Your child will have a very sore throat after this surgery. It is important to attempt to maintain pain control, but with the understanding that there still may be some pain, even with use of medications as recommended. Pain should be gone after 10-14 days from surgery.
What medications can I give my child for pain?
We suggest you give your child acetaminophen and ibuprofen, alternating doses, to treat your child’s pain. This also helps with inflammation.
Will pain medication be prescribed for my child?
Your child does not need a prescription for medications after this surgery.
Acetaminophen and Ibuprofen are available over the counter at most grocery or drug stores. Alternating doses keep most children comfortable enough to stay hydrated.
It is important to alternate doses of these medications, every 3 hours. Your child will get acetaminophen every 6 hours, and ibuprofen every 6 hours (i.e. take acetaminophen and wait 3 hours, then take ibuprofen and wait 3 hours. Repeat.). See sample dosing chart on back.
In some cases, if pain is not well-controlled with alternating doses of acetaminophen and ibuprofen as recommended, your surgeon may prescribe other medications.
In children under the age of 12, narcotics should be used carefully. For young children under the age of 4, prescription pain medication is not typically needed or prescribed.
In children over the age of 12, a narcotic other than codeine can be prescribed for breakthrough pain if needed.
There is significant risk of harm, and even death, with use of codeine medications in children after tonsillectomy. Because of this unacceptable risk, we do not prescribe codeine.
A visit to the emergency room is rare, but may be required if pain is not well-controlled.
How should I give acetaminophen and ibuprofen to my child?
These medications can be taken by mouth in a tablet or liquid form. Acetaminophen can used as a rectal suppository if your child does not take medications by mouth well.
It is important to alternate doses of these medications as stated above.
You should give these doses regularly for the first 5 days after surgery (this includes at night).
You can give medications on an as-needed basis after 5 days.
How much medication should I give my child?
Please follow dosing instructions on the medication label, based on your child’s current weight.
If you need to call after clinic hours for a concern, call the UC Davis Medical Center hospital operator at 916-734-2011 and ask for the “physician on call for ENT.”
UC Davis Otolaryngology Glassrock Clinic: 916-734-5400 2521 Stockton Blvd, Suite 5200 Sacramento, CA 95817
UC Davis Otolaryngology Rocklin Clinic: 916-295-5700 550 W Ranch View Drive Rocklin, CA 95765
Do follow hydration guidelines provided by your doctor.
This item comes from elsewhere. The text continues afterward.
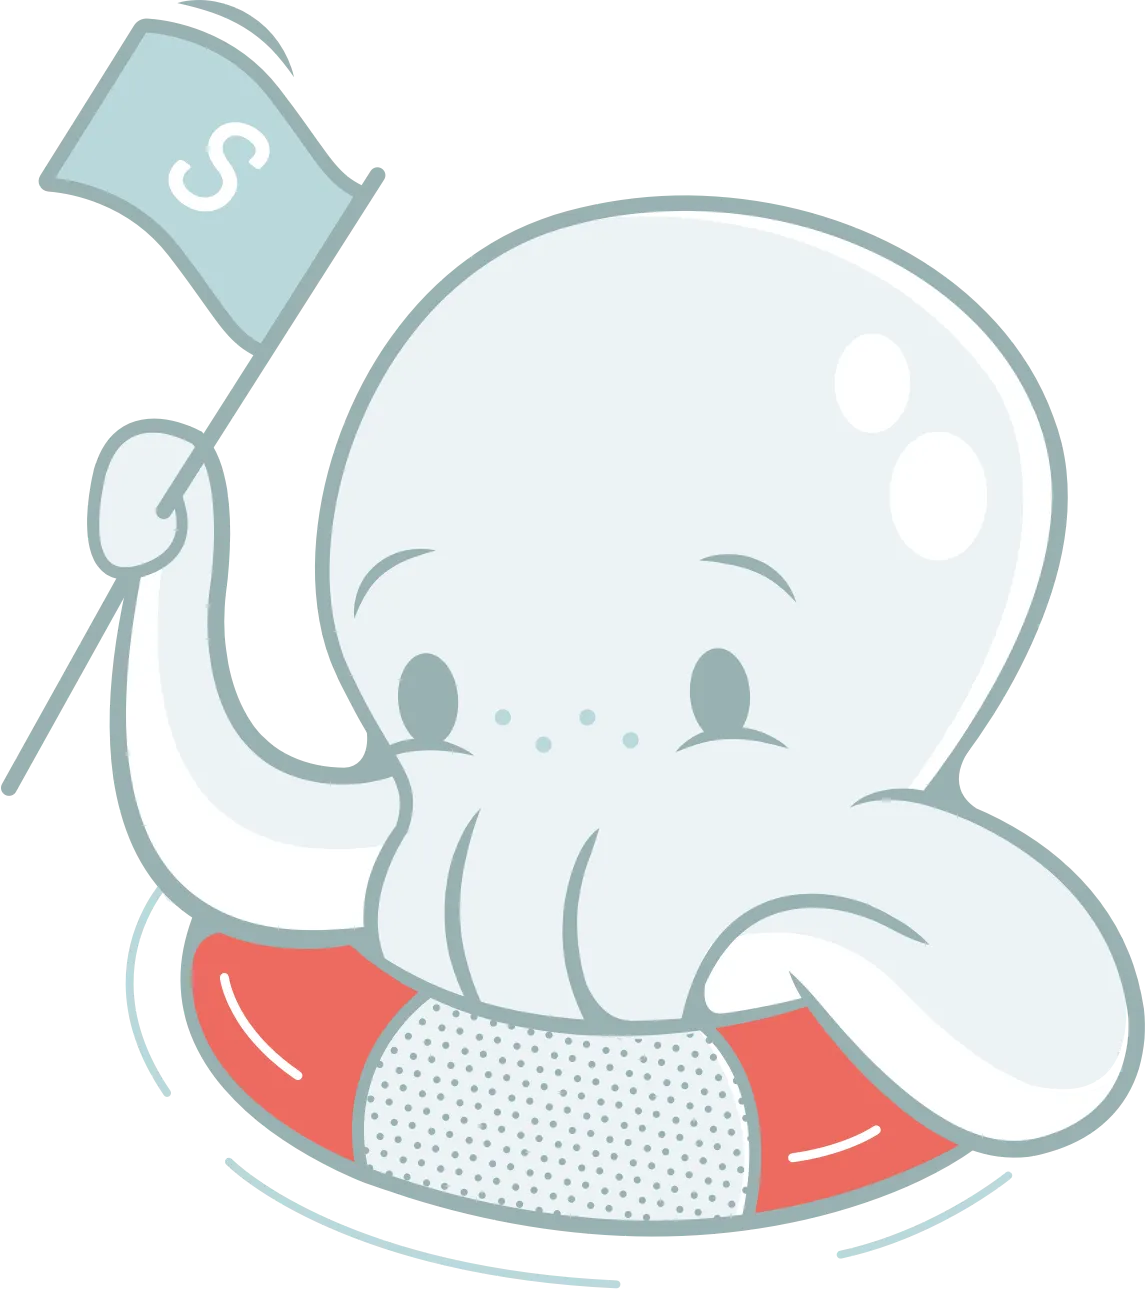 Ship Shape octopus mascot in an innertube

Do expect to have snoring and mouth breathing after surgery. This should resolve after 10-14 days from surgery when swelling goes down.
Do use humidifier, if available, at night.
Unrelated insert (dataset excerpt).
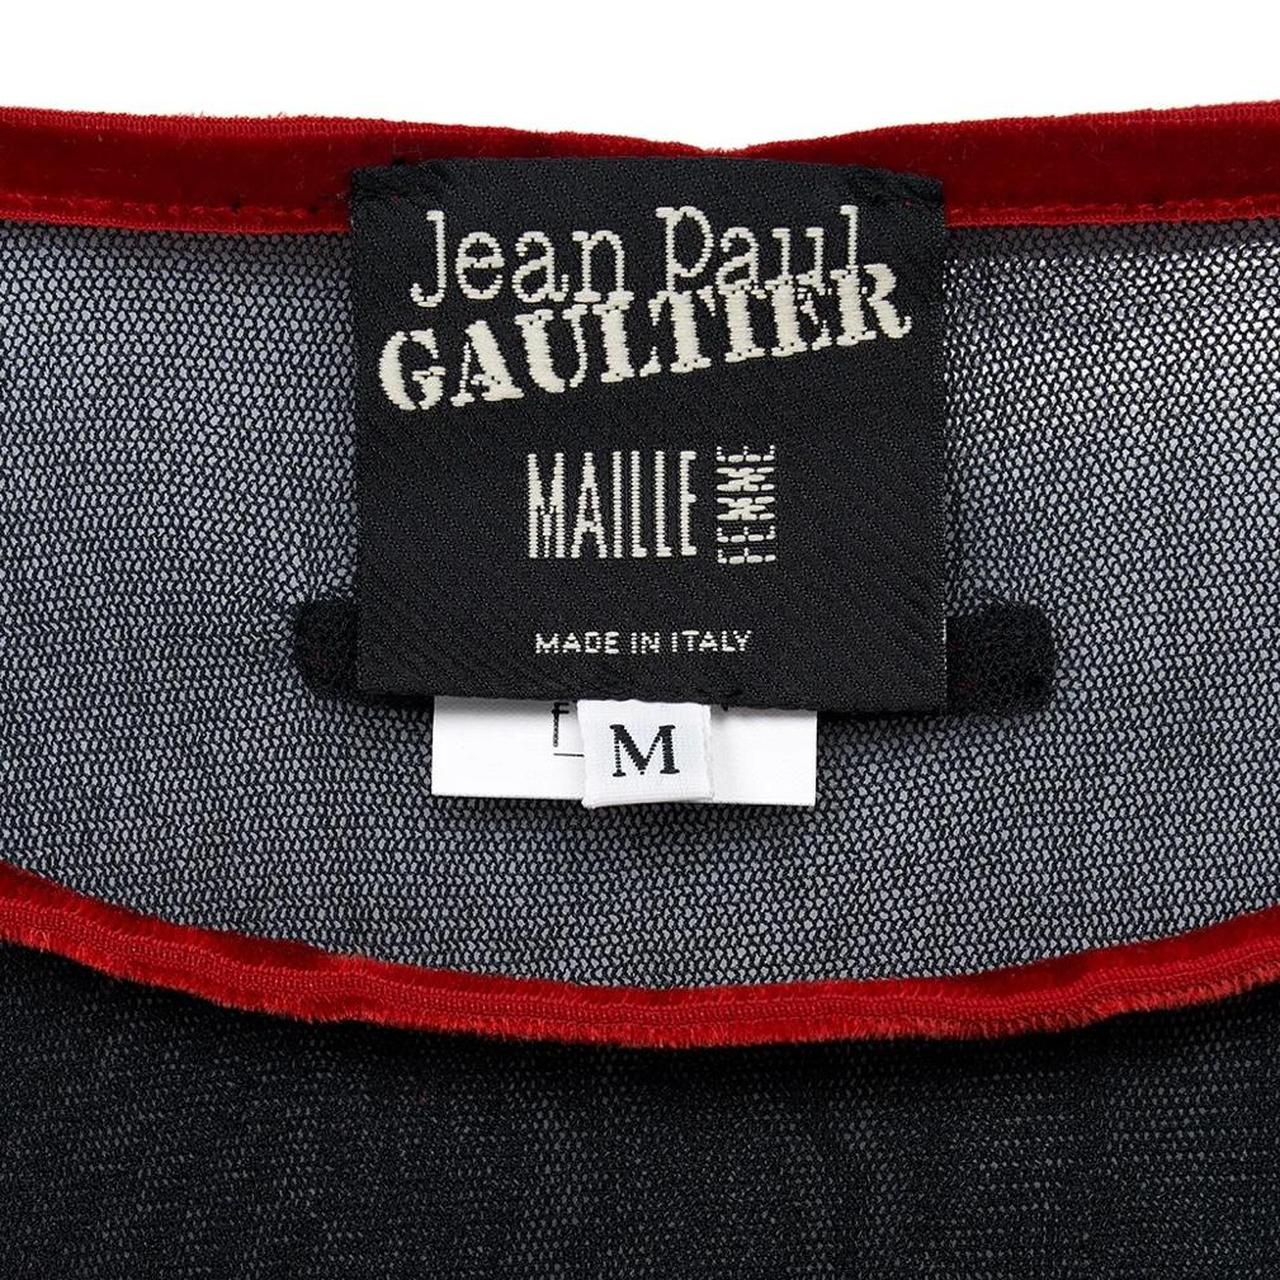 Gaultier Jeans Women's T-shirt (3)

Do maintain a soft diet to avoid trauma/irritation.
Do expect to have some weight loss due to change in oral intake from pain.
Do expect bad breath for about 2 weeks.
Do expect to have an earache.
Do anticipate pain after surgery for 10-14 days. Alternate acetaminophen and ibuprofen every 3 hours as needed for pain control.
Do expect a low-grade temperature (below 101 degrees F).
Don’t eat acidic/spicy foods for several days after surgery.
Don’t consume red-colored fluids.
Don’t travel for 14 days after surgery.
Don’t exercise or have strenuous activity for 2 weeks after surgery.
Don’t be far from a hospital (no more than 30- 45 minutes).
Don’t use mouth rinses, gargle or blow nose excessively.
Don’t expect bleeding. If bleeding occurs, go directly to the emergency room.